To Change the Church is a book only Ross Douthat could have written. He is 38, a Catholic convert, and a prominent conservative who moves comfortably within the world of intellectual Catholicism. Having chosen Catholicism, Douthat is enough of an outsider not to take Catholicism for granted. As a younger Generation Xer, he is not burdened with the ideological blinders of older Catholic conservatives. And as a gifted prose stylist who, from his position at the New York Times, has established himself as one of the most judicious and important public intellectuals of our time, Douthat writes with unparalleled authority.
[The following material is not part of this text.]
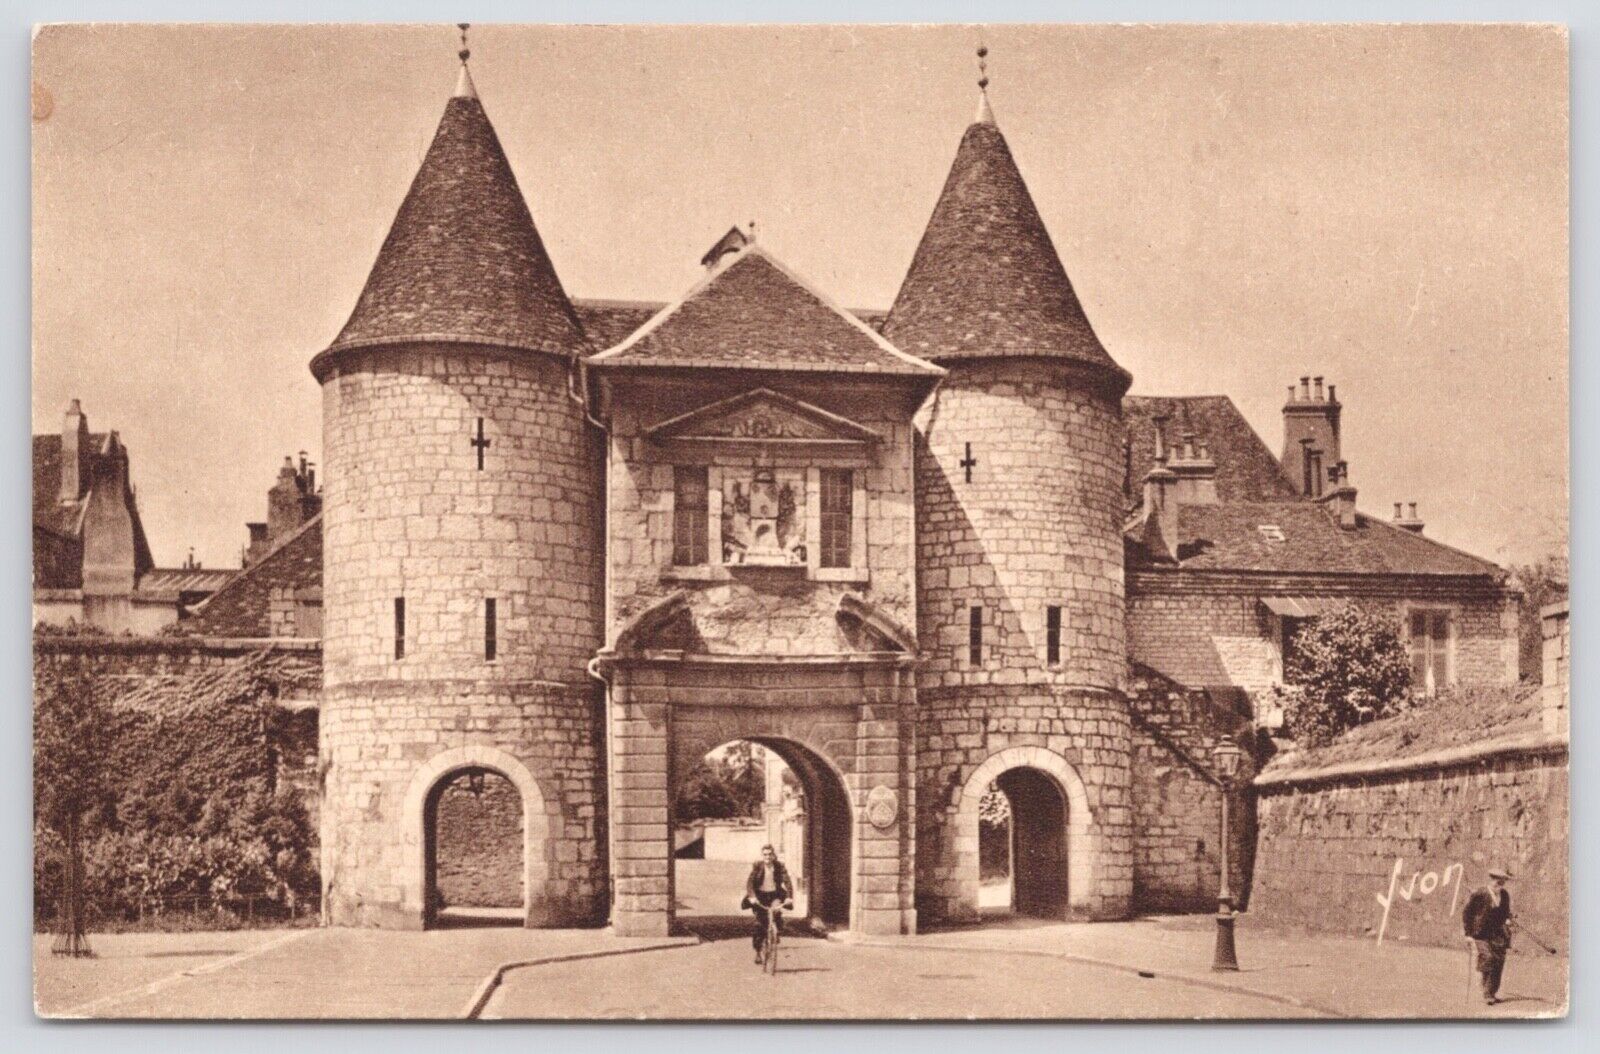 Postcard The Rivotte Gate Built in 1546 Besançon France c1940s-50s

The hidden power of To Change the Church comes from the fact that Douthat has skin in this game. As he reveals in the book’s preface, Douthat is a believing Catholic, a husband and father whose parents and grandparents both divorced. He knows whereof he writes. Full disclosure: I am a personal friend of Douthat’s, and can tell you that he wrote this book while suffering from a debilitating illness (which, happily, seems to have abated). He suffered intensely for this book. It is a labor of love for the Catholic faith by a son who serves her best by telling the truth.
Rod Dreher is a senior editor at The American Conservative.